The complete chloroplast genome provides plenty of genetic information, which allows researchers to clarify the complicated evolutionary relationships among plants [47]. In the present study, we report the cp genomes of two species from the Ehretia genus. The cp genomes of E. cymosa and E. obtusifolia were found to be structurally similar to the cp genomes of other Boraginales species [48,49,50]. The cp genome sizes ranged from 156,328 bp in E. cymosa to 155,961 bp in E. obtusifolia (Figure 2). The GC of the cp genomes of E. cymosa and E. obtusifolia ranged from 37.86% to 37.87%, respectively, (Table 1). The GC content was slightly different from that observed in E. dicksonii (39.7%) [51]. The difference in GC content among separate species from the same genus may be due to the fact that various species have different codon use biases. The GC content in the IR regions was 43.17% in E. cymosa and 43.18% in E. obtusifolia, which was higher than the content in the regions of the SSC and LSC, possibly due to the fact that all the rRNAs are present in IR regions [52]. The IR regions may be more stable because of their high GC content in comparison to the LSC and SSC regions [53]. Both genomes consisted of 114 unique genes, which were divided into 80 protein-coding genes, 4 rRNA genes, and 30 tRNA genes (Table S1). In angiosperm cp genomes, intron composition is highly conserved [54], which is important for the control of gene expression [55]. In the E. cymosa and E. obtusifolia cp genomes, introns were identified in 18 genes, 6 of which were tRNA genes and 12 of which were protein-coding genes (Table S2).
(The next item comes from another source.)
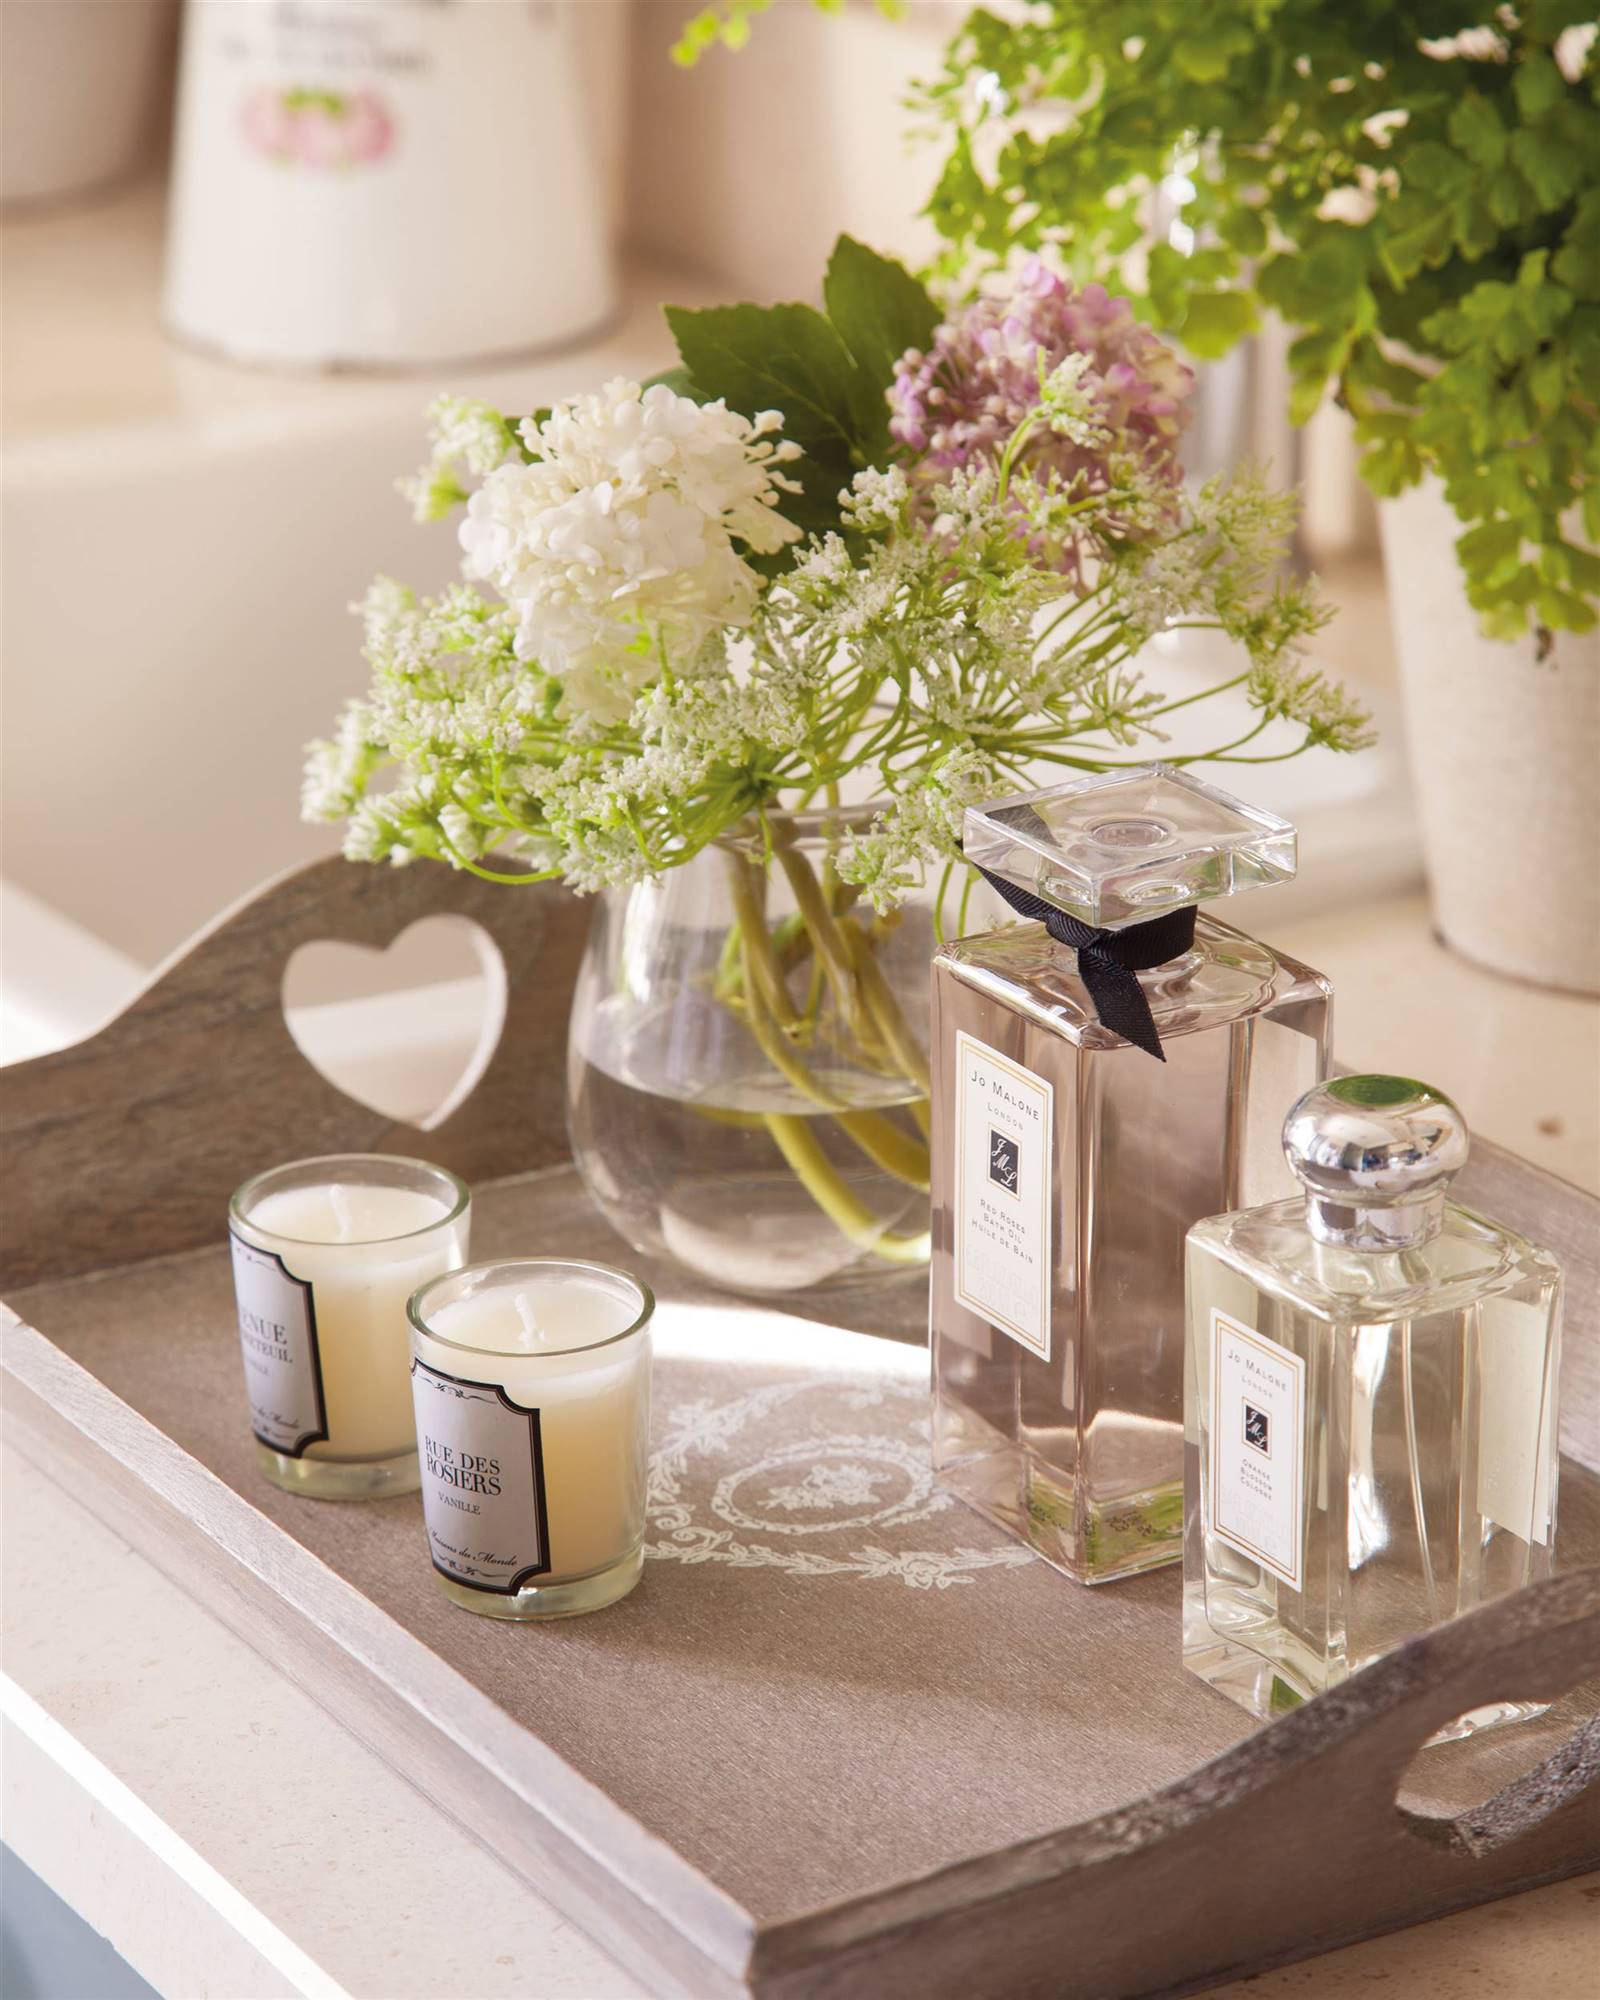 Perfumes, velas y un jarrón con flores sobre una bandeja en el baño

The codon usage analysis revealed that the genes in the cp genomes of E. cymosa and E. obtusifolia were encoded by 27,513 and 27,393 codons, respectively. Codon usage plays a crucial role in gene expression [56], resulting in an association with gene expression levels, transcriptional selection, amino acid conservation, and GC content [57]. The majority of the codons were coding for leucine (Figure 3), and the codons in both genomes mostly had an RSCU value of <1. These results were similar to those previously found in relation to E. dicksonii [51]. RNA editing plays a vital role in the cp genome, which involves the alteration of nucleotides in the mRNA of functional genes [58]. The expression of functional proteins is influenced by this mechanism [59]. The RNA editing site analysis identified 31 editing sites in each genome, which were distributed within 16 protein-coding genes (Figure 4). All base conversions were found in the first and second positions of the triplet codon, resulting in changes in the amino acids, which is consistent with previous studies [54]. The majority of amino acid conversions were from serine to leucine, which is consistent with the characteristics of RNA editing in angiosperm plants [47,60].
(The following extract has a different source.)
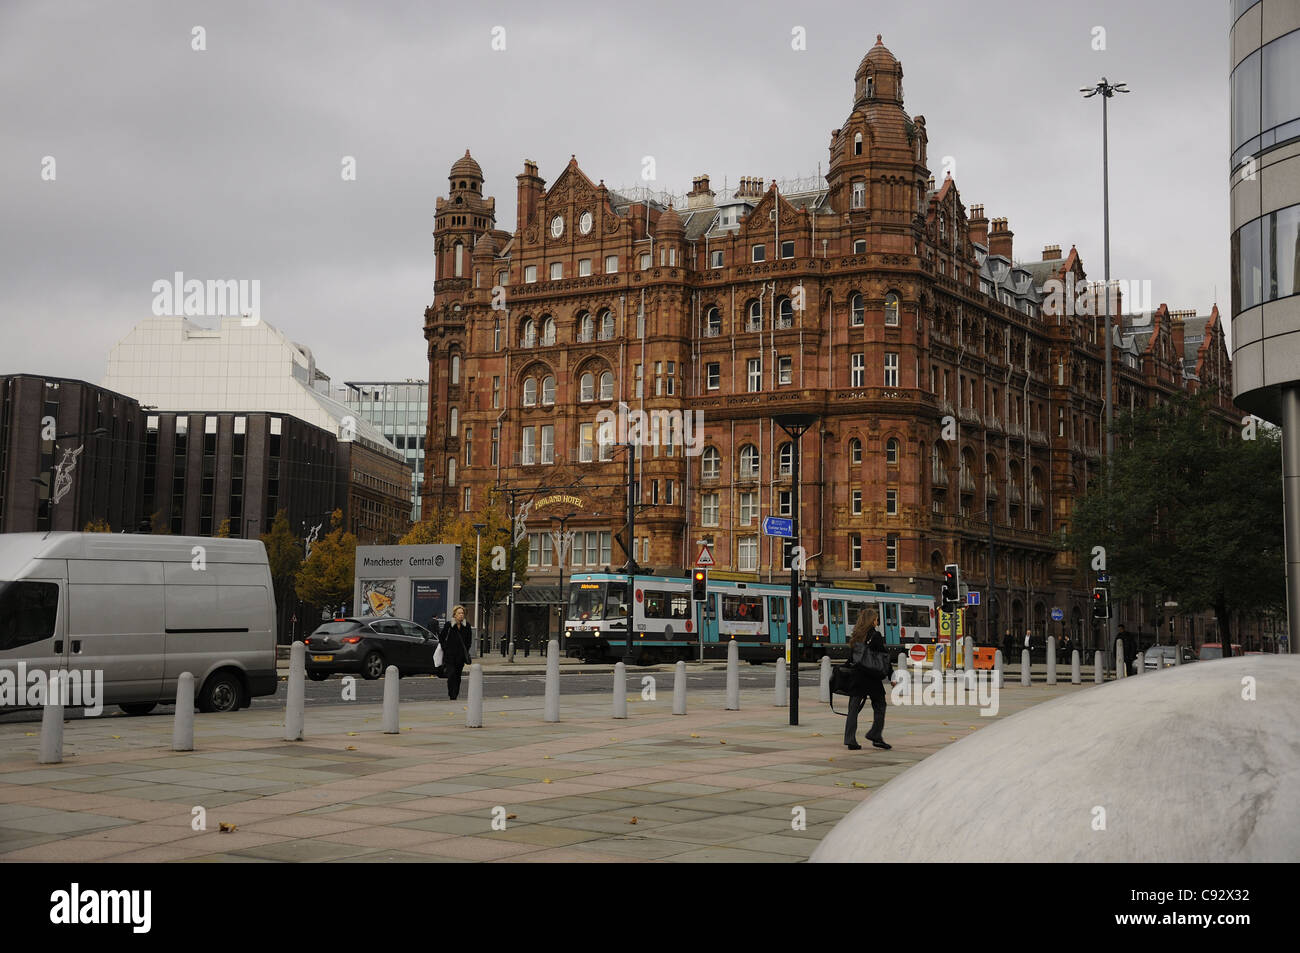 Decorado de amapola tranvía Metrolink delante del Midland Hotel Manchester Foto de stock

The arrangement and recombination of the cp genome may be significantly influenced by the regions and the numbers of the repeat sequences [61]. The long repeat sequence analysis revealed that palindromic and forward repeats were the most common repeats in E. cymosa and E. obtusifolia (Figure 5), which is consistent with other angiosperm cp genome analyses [62,63,64,65,66]. The SSRs analysis showed that the cp genomes of E. cymosa and E. obtusifolia comprised 141 SSRs and 139 SSRs, respectively (Table 2). The SSRs have been demonstrated to be important molecular markers in taxonomic research [67]. They have also been utilized in several kinds of studies, including those that analyze gene flow and estimate genetic variation among animal or plant genomes [68,69]. The majority of the SSRs were mononucleotides, among which the A/T repeats were the most common. Most of the SSRs found in angiosperm cp genomes usually contain poly thymine (polyT) or poly adenine (polyA) repeats rather than tandem cytosine (C) and guanine (G) repeats [67,70,71].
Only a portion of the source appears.